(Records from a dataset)
———

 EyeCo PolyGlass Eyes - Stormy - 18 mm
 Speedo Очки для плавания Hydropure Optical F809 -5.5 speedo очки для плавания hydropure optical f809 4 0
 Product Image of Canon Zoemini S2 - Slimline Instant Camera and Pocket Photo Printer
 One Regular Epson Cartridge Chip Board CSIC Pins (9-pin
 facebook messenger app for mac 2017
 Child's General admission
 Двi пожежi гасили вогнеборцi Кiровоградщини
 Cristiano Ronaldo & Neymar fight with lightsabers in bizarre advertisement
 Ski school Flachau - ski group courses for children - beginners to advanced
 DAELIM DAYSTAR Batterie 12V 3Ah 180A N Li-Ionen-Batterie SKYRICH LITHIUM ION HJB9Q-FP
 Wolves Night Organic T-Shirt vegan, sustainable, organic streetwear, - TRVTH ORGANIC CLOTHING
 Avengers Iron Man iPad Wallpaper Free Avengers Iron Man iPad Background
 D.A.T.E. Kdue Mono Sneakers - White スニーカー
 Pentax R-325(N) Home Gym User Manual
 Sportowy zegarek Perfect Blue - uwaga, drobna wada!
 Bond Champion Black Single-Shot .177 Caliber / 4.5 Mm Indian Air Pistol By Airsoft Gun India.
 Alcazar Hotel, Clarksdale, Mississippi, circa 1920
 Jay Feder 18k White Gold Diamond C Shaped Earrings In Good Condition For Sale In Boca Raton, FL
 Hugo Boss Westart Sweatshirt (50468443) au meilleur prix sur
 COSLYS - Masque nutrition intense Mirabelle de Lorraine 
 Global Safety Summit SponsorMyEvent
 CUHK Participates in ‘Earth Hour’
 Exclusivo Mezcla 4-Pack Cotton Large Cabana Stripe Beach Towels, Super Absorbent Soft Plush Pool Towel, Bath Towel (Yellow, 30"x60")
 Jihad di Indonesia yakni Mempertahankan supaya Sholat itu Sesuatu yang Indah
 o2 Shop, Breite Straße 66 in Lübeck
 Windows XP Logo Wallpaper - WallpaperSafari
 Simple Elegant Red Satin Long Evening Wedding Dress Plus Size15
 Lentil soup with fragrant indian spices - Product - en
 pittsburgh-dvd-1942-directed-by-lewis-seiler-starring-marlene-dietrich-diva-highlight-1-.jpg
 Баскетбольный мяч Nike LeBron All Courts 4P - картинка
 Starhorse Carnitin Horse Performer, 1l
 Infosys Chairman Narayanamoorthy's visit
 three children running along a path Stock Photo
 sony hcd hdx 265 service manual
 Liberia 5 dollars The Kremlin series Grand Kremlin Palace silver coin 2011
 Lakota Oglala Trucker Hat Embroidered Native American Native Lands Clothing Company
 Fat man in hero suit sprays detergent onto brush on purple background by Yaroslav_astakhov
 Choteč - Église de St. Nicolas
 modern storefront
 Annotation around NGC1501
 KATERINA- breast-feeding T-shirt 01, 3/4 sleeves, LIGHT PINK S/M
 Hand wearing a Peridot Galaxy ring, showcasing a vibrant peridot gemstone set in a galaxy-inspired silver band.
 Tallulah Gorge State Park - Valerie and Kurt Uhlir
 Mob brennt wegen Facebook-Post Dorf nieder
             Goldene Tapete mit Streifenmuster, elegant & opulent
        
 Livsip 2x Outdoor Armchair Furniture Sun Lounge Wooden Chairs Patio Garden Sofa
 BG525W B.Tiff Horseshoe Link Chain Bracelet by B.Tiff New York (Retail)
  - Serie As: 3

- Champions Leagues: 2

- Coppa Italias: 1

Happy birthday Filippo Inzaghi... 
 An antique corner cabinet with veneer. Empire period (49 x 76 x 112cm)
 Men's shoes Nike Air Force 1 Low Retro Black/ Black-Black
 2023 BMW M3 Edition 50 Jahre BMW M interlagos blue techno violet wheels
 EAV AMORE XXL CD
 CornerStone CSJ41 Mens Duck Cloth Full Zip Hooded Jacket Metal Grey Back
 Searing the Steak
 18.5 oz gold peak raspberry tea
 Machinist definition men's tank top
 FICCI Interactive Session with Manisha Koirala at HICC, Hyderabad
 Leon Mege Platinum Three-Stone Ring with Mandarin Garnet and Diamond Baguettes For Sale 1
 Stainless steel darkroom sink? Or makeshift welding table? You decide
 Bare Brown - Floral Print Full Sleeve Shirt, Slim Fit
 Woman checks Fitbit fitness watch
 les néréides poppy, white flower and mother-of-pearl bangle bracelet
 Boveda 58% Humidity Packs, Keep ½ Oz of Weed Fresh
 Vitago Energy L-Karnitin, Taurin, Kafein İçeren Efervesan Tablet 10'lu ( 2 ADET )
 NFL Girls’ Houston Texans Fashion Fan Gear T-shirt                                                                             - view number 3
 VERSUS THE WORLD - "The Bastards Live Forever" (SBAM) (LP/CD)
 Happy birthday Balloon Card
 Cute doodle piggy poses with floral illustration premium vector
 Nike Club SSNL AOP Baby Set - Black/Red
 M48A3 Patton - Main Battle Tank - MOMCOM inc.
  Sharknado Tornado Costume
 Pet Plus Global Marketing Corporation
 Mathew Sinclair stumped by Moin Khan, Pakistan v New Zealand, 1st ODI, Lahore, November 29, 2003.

———

### [Work request]
The lines to copy are those in the records above containing the word "Wallpaper".

### [Answer for this exercise]
 Avengers Iron Man iPad Wallpaper Free Avengers Iron Man iPad Background
 Windows XP Logo Wallpaper - WallpaperSafari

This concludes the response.